For ChatGPT to achieve such a good interactive communication effect, the core is the GPT mechanism. In addition to pre-trained (Pre-trained) and artificial feedback reinforcement learning (RLHF - Reinforcement Learning from Human Feedback), the most basic of the GPT mechanism is This T (Transformer) mechanism.

The entire Transformer can be simply understood as an "unsupervised learning" "word solitaire" game, and then complete the training of the entire core basic large model, and then make this LLM (large model) look more and more intelligent through RLHF intensive training.

How RNN develops to Transformer

Let's take a look at the entire Transformer development roadmap:

Seeing that the key nodes above are mainly RNN -> LSTM -> Attention -> Transformer, the basic is to develop the long and short memory network (LSTM) from the cyclic neural network (RNN), and then the attention mechanism (Attention) was born, and then To Transformer (including Multi-Head Attention multi-head self-attention), the large framework system of the entire Transformer is established.

RNN (Recurrent Neural Network - Recurrent Neural Network)

To understand the basic principles of RNN, we can simply understand it.

For example, when we recognize a picture, each picture is independent, and the recognition of "apple" in the picture has no effect on the recognition of the next picture as "pear". But with languages, order is super important. The two sentences "I eat apples" and "Apple eats me" have completely different meanings, and the order also provides information. For example, there is a high probability that "eating" is followed by food nouns.

To understand this connection between data, people invented a model called a recurrent neural network, or RNN for short. RNN is a kind of neural network, it can be understood that it has a small memory box, which is used to remember past data. When new data comes in, the network needs to consider the information stored in the memory box. With the input of new data, the stored information is constantly updated. The information in the memory box is called "hidden state".

RNNs are most commonly used in natural language processing, such as machine translation and writing poetry. "Machine translation" is to find sequences that express the same meaning in different languages ​​(translate Chinese into English); poetry generation is to generate logical word sequences according to themes and rules; change the type of input and output, input pictures and output sentences is "see picture Speech can also be regarded as a time-series sound signal, and scenarios such as speech recognition and speech generation are also within the capabilities of RNN; stock price changes can also be regarded as a time-varying sequence, and many quantitative trading models are based on this understanding.

(The h in the middle is the hidden state, c is the input, and y is the output)

RNN can process sequence data, that is, both its input and output can be sequences. This is because RNN has loops in the hidden layer, which can maintain the internal state of the network and continuously update the state according to the input sequence data.

RNN is very powerful, and it can handle pictures and texts very well, and has many applicable scenarios. But RNN also has obvious disadvantages, such as the earlier the data is input, the smaller the influence in the hidden state.

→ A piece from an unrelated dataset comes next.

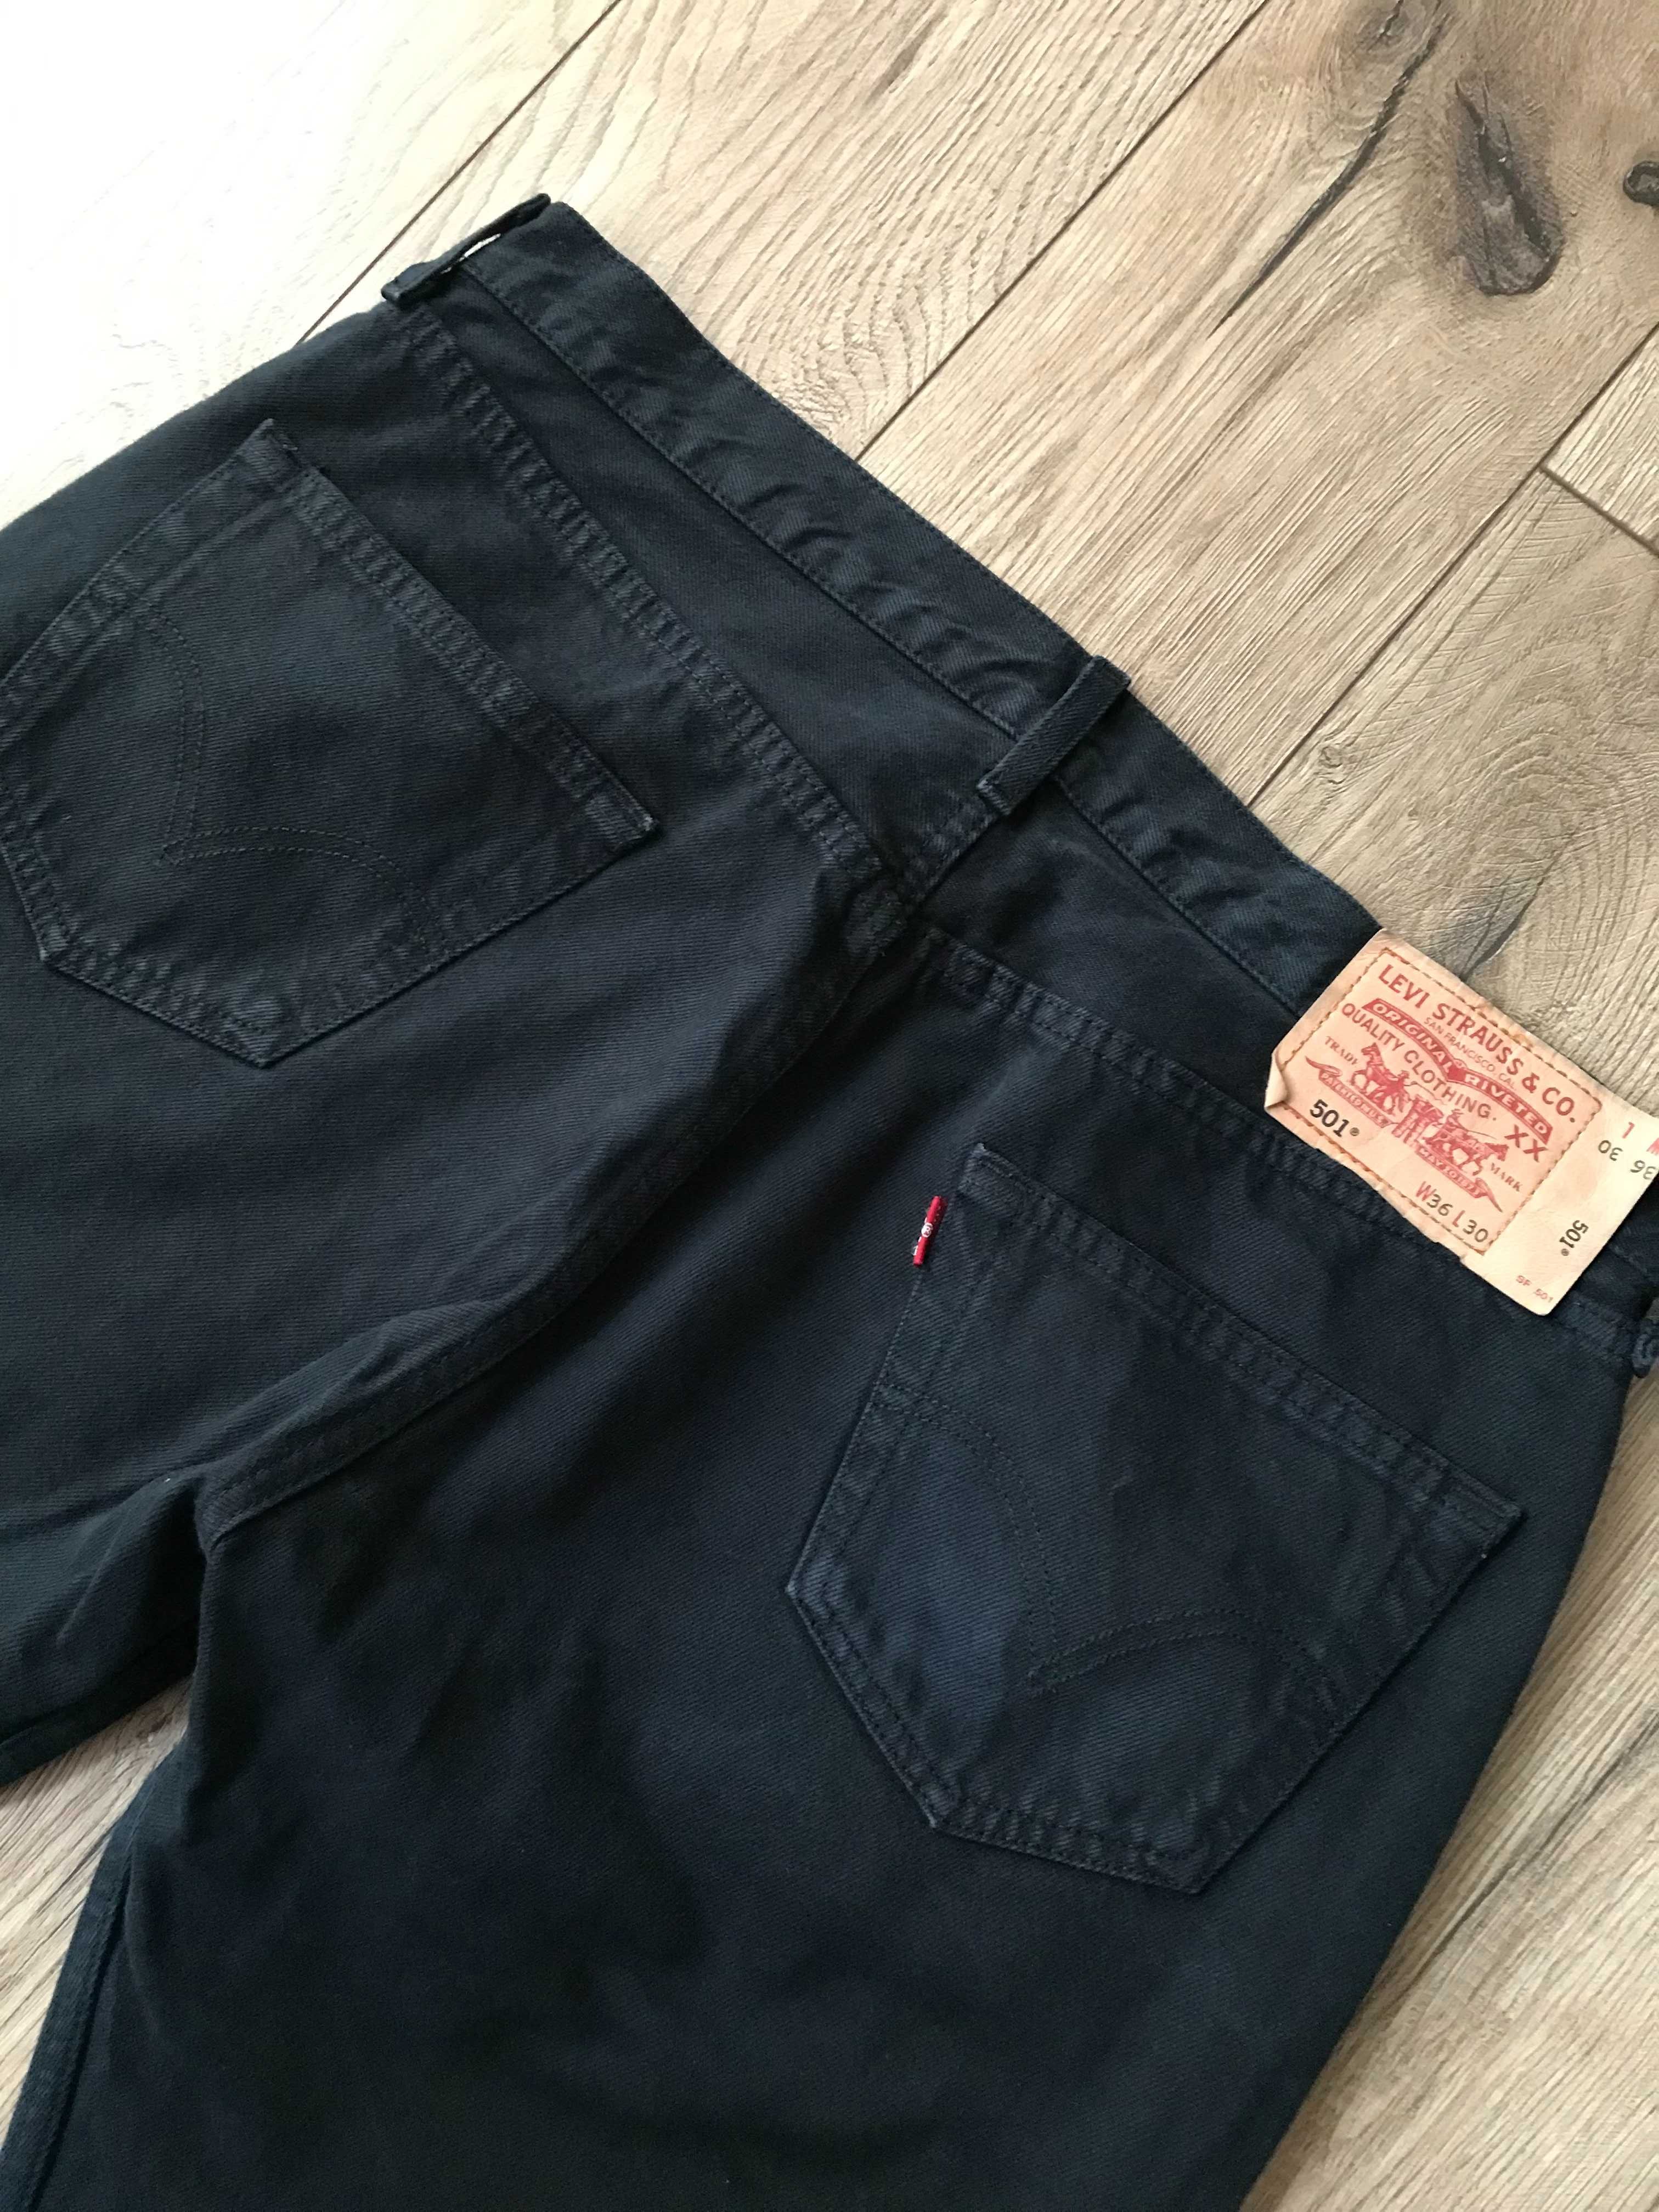 Spodnie jeansowe Levi's 501 rozm. W36 L 30

That is to say, if a sentence is very long, RNN will forget what to say at the beginning, and standard RNN will have the problem of gradient disappearance or gradient explosion on longer sequences, which makes it unable to capture long-term dependencies. For this reason, an improved version of RNN-LSTM (Long Short-Term Memory Network) was invented later.

LSTM (Long Short-Term Memory, long short-term memory network)

RNN has a certain memory ability, but unfortunately it can only remember short-term memory, and its performance in various tasks is not very good. So what to do?

People turned their attention to humans themselves. People's memory is selective, we don't remember everything that happened at every moment, we will selectively save important things and discard unimportant things. Referring to this memory mechanism of human beings, Sepp Hochreiter transformed the "memory box" in 1997 and found the mechanism of "door". "Gate" is a switch used to decide how to save information, its value is between 0 and 1, 1 means completely saved, 0 means completely discarded.

There are three doors on the "memory box":

Forgot gate: decide how much original information the memory box should save, that is, which unimportant memories should be discarded;

Input gate: determine how much current network information should be saved to the memory box, that is, which new things to contact;

Output gate: Determines the degree to which the information in the memory box is output.

The modified memory box can not only understand the current network state through the input gate, but also use the forget gate to retain important information in the past. This is the LSTM long short-term memory model.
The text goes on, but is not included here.